EAST BRUNSWICK, N.J. - I should preface my thoughts on Edward Zwick's new film Blood Diamond (** out of ****) by noting that, because of my friend's tardiness (he unexpectedly had to deal with a flat tire before coming to the movie theater where we saw the film this past Sunday), I technically missed the first 10 minutes or so of the film. On the theory that I probably didn't miss much that I couldn't glean from the rest of the film---Solomon Vandy (Djimon Hounsou) getting separated from his family, Danny Archer (Leonardo DiCaprio) being introduced---I'll go ahead and pool my thoughts anyway, because I'm not sure there's much to say about the film, an obviously sincere and well-meaning but awfully clichéd piece of Hollywood message-movie entertainment.

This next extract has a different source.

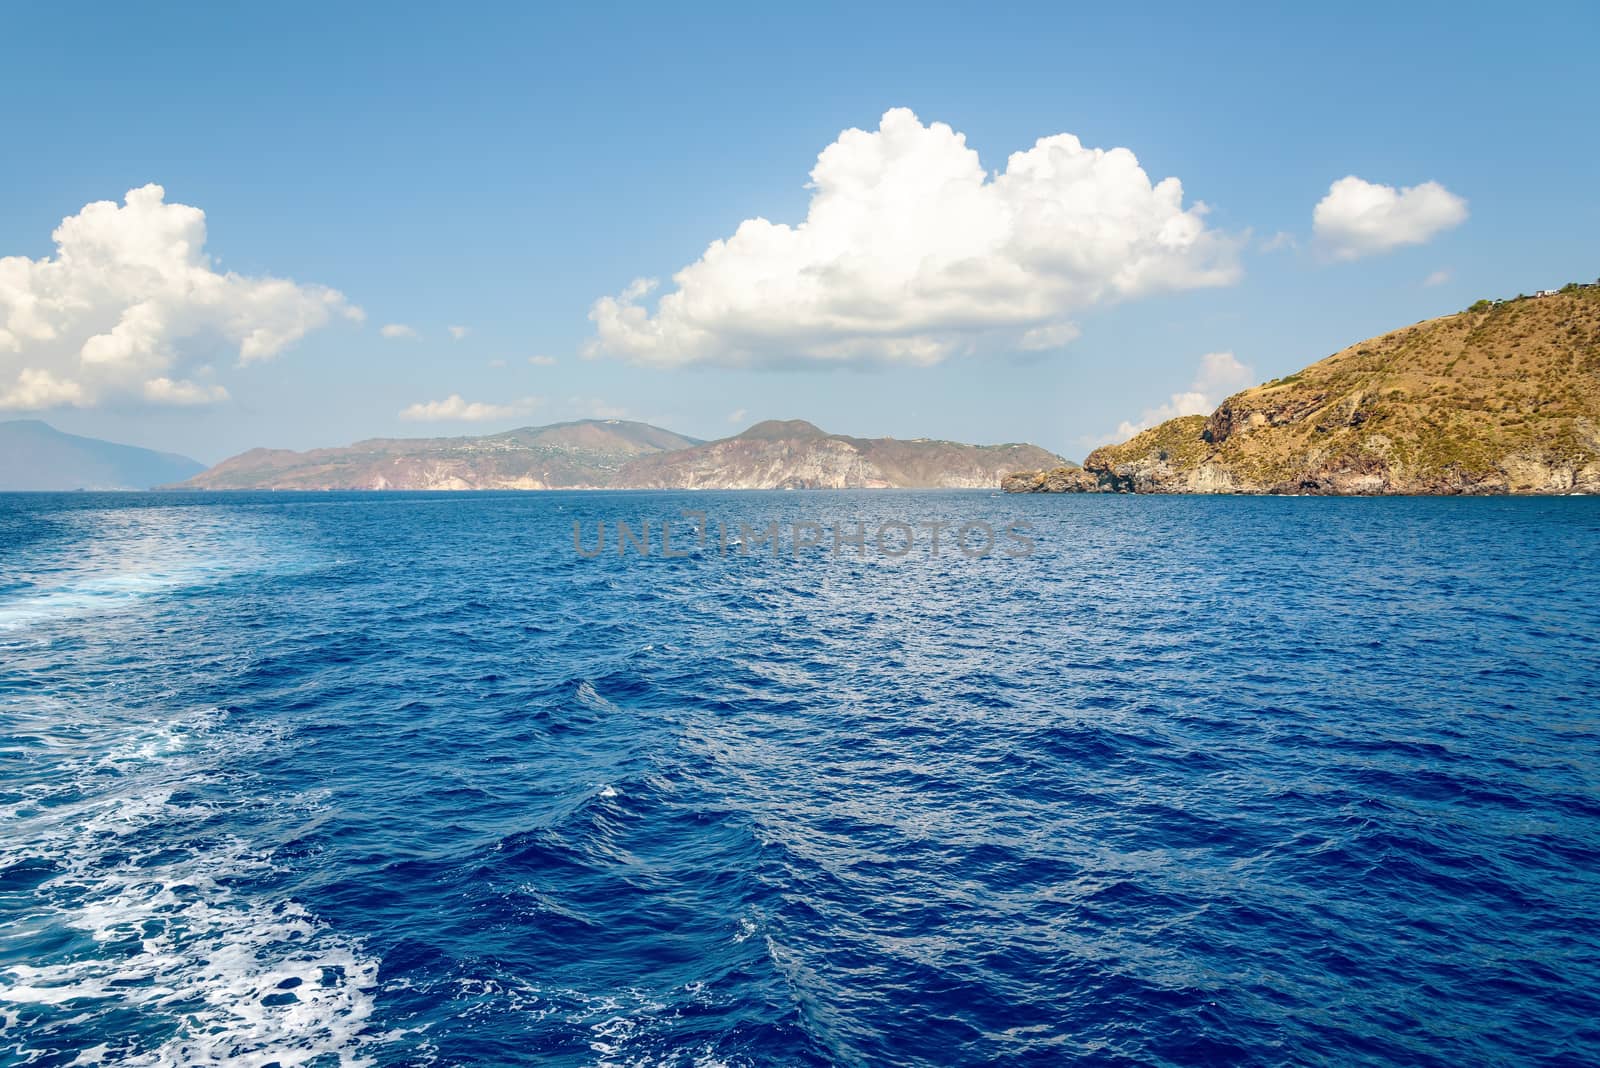 View of Aeolian Islands archipelago by mkos83

I suppose it's probably too easy a criticism, however true, to lodge at Blood Diamond that it's mostly predictable, both plot-wise (its use of one man's quest to reunite his family as a structuring device strikes me as something of an action movie cliché) and as far as its characterizations go: Danny Archer, with all his wiseass cynicism masking personal pain, is pretty much straight out of Casablanca (1942), and most of the characters seem to be shaded in degrees of either black or white. However, Zwick and screenwriter Charles Leavitt seem to have conceived the film at the start as a familiar old-style Hollywood entertainment, so perhaps they were fully aware from the start that they were dabbling in fairly shopworn dramatic material. Perhaps, in this case, they were trusting that audiences would see through the clichés and grasp at the film's underlying point: to make us think twice about where that cherished diamond you may glimpse lovingly at a store window actually came from, and whether it's a legitimate diamond or a so-called "conflict diamond," an illegal black-market diamond from Sierra Leone.
So perhaps the best way to approach Blood Diamond is to determine whether the film works as a piece of political activism. For me, it just misses in that regard, although it misses in a slightly different way from last year's The Constant Gardener. Turns out that the problem with Blood Diamond isn't so much that the Africans who are the victims of civil war and government-wrought atrocities are given short shrift, as they arguably were in The Constant Gardener. Oddly enough, I think the film's clichéd nature is the problem here: although it wears its noble intentions on its sleeves, Blood Diamond ultimately comes off as a standard-issue Hollywood action epic with a thin veneer of social protest, and even if it makes you more aware of the potential histories of a valuable diamond---not an unimportant thing to be aware of, I'd say---that doesn't necessarily make the movie itself any more interesting. (Hotel Rwanda (2004): now there's a Hollywood message movie that actually works to make your temperature boil at the issue it raises: specifically, where the heck was America and the rest of the international community when the Hutus were butchering the Tutsis in droves? It might have taken the inspirational Schindler's List (1993) route in approaching its subject, but it didn't bury its anger amidst stale action movie clichés as Blood Diamond does.)
If the movie works at all---and, admittedly, it has its moments---it's mostly due to Zwick's obvious conviction in his overfamiliar dramatic material (given visual lushness by D.P. Eduardo Serra, especially when he silhouettes human figures in extreme wide shots) and to the effectiveness of its cast, particularly DiCaprio and Hounsou. (Jennifer Connolly does her best with the thin part she's given, playing an idealistic journalist who's basically around to comfort the two male lead characters at the right times.) Hounsou lends Blood Diamond whatever weight it has, convincingly portraying his character's singlemindedness even when he seems to take a backseat to the two other stars. As for DiCaprio: if The Departed didn't convince people that DiCaprio had the gravitas in him to play non-romantic leads, than his magnetic turn in Blood Diamond should silence those naysayers who've only seen boyish charm in him in the past. It's a charm that Steven Spielberg used to great effect in Catch Me If You Can (2001), but it wasn't quite a perfect fit when he tackled Howard Hughes in Scorsese's The Aviator (2004). Here, he has such gravity and intensity---a paradoxically relaxed intensity that doesn't seem overwrought---that he almost manages to convince us that we're not watching something we've seen a million times before.